The street renaming, tentatively at 45th Street and 48th Avenue, is for the late Claire Kraft, a woman active in the Sunnyside community for some 70 years. Luke Adams, executive director of the Sunnyside Chamber of Commerce, called her tireless and dedicated, a Republican to his Democrat, but a truly admirable person. He related how one year, when he and fellow activists had to beg funds of local merchants so lights could be strung on Queens Boulevard for the Christmas season, Kraft went into the Merry-Go-Round, a topless bar then active locally, and asked the proprietor for a contribution, surprising him so that he couldn’t refuse her. Don McCallion, president of the United Forties Civic Association, noted that the address for the proposed Claire Kraft Way was only a request, one that must be decided by the Department of Transportation. The motion passed easily; however, Al Volpe said he agreed with the Claire Kraft Way motion but complained that the criteria for nominating are faulty. He submitted as evidence a recent Woodside renaming in honor of a person who had died of cancer before he was 40. Decades of service were one thing, Volpe said, but dying young, while lamentable, was by itself an inadequate criterion.
A Board of Standards and Appeals application for a special order calendar application that ultimately would allow a building project at 5-11 47th Ave., including a mixed use building and a CUNY dormitory was laid over. Speaking for O’Connor Partners, owner of the project, was Howard Goldman, who requested the matter be taken up at the November meeting.
News from Hunters Point was delivered by Peter Johnson, a resident with a series of complaints about the $2.57 million improvement project at Murray Playground. Despite that large budget, he said, the square-block park bordered by 45th Road, 11th Street, 45th Avenue and 21st Street is a disaster area. Trash piles up, rats move in, trees are planted badly and soon die, he said, concluding that Parks and Recreation is consistent only in its incompetence. Conley said that responsibility for sick or dying trees in the playground rests chiefly with the contractors hired by P. & R.
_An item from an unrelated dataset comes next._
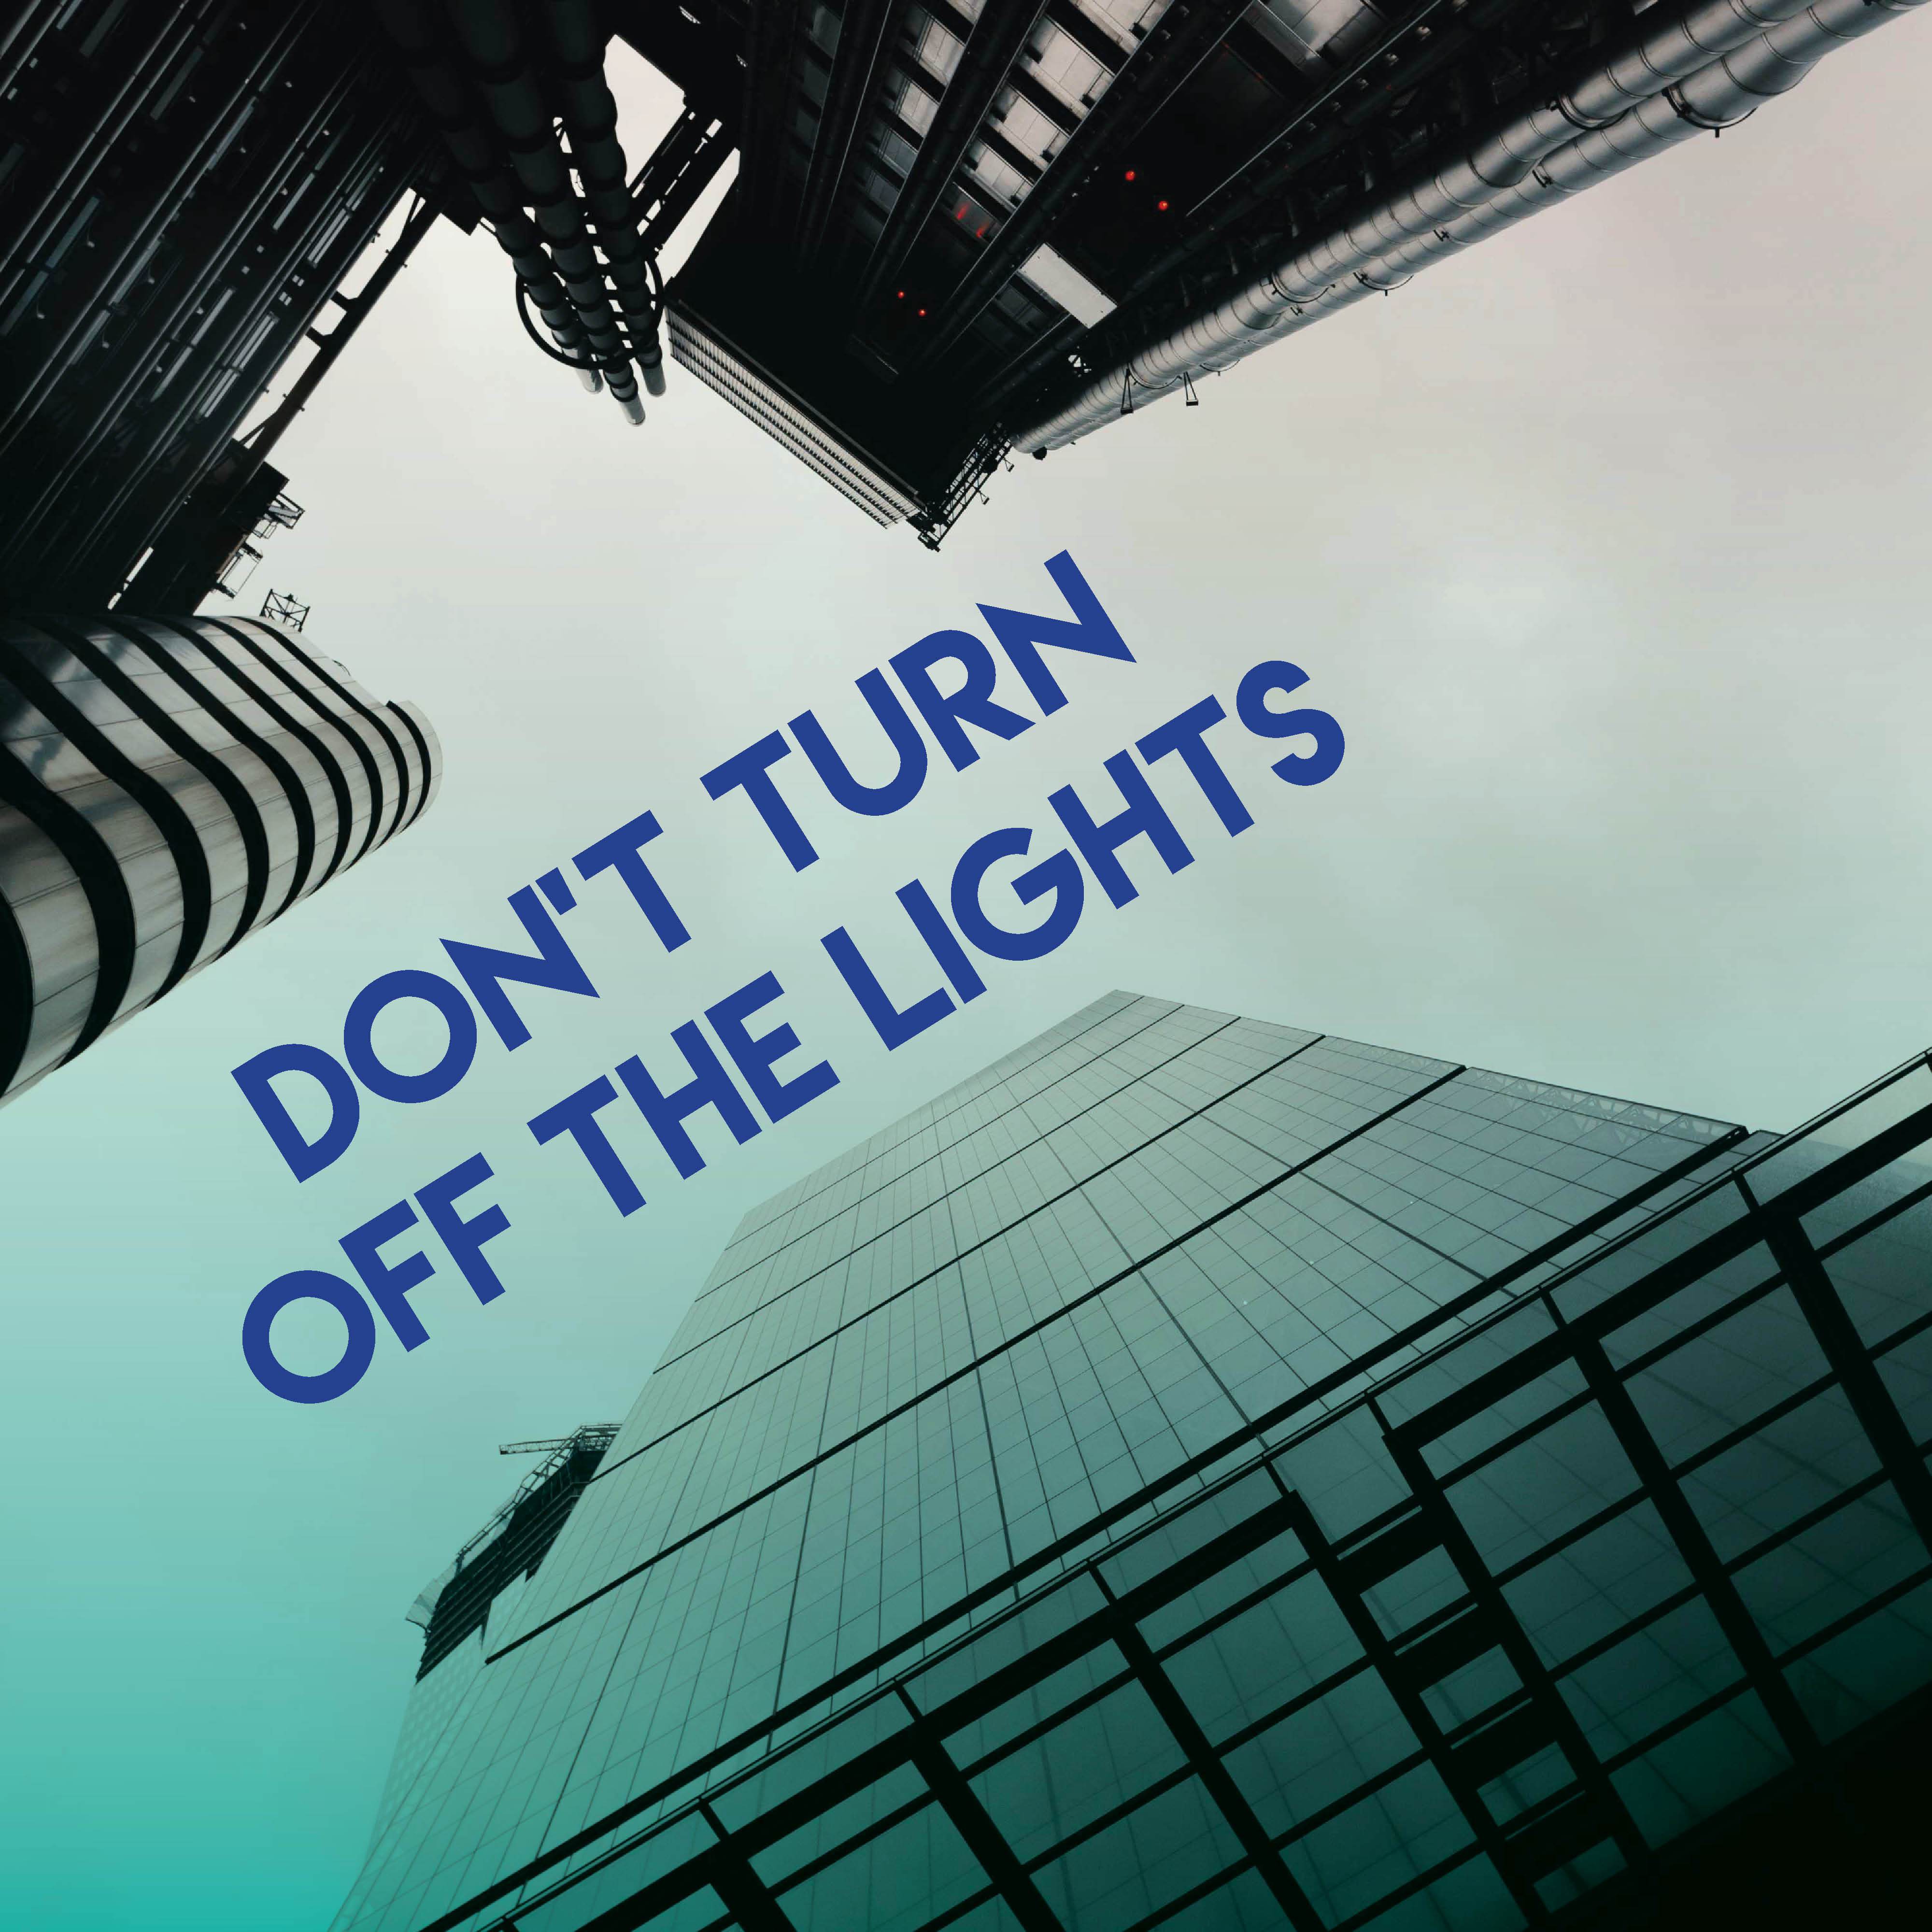 Don't Turn Off the Lights

Penny Lee of the Department of City Planning announced that a brownfields meeting related to the Newtown Creek would be held at St. Mary’s Church, Vernon Boulevard and 10th Street, at 6 p.m. on Wednesday, October 27. Dorothy Morehead, of the board’s environmental committee, said that since Newtown Creek is now a Superfund site, five major corporations that have had industrial plants on the creek are open to pollution abatement lawsuits. Two of those corporations are Exxon Mobil, cited for causing one of the largest oil leaks in U.S. history –one that emptied into Newtown Creek–and Phelps Dodge, which, when it closed its Maspeth operation, left behind acres of pollution many feet deep.
Marvin Jeffcoat, who is leaving Board 2 for other pursuits, was presented with a plaque for his service on the military veterans committee and his work on behalf of residents of the veterans' shelter on Borden Avenue in Long Island City. Jeffcoat said that though he is leaving the board, he will be remaining in the area and will always serve the veterans. He left so much applause.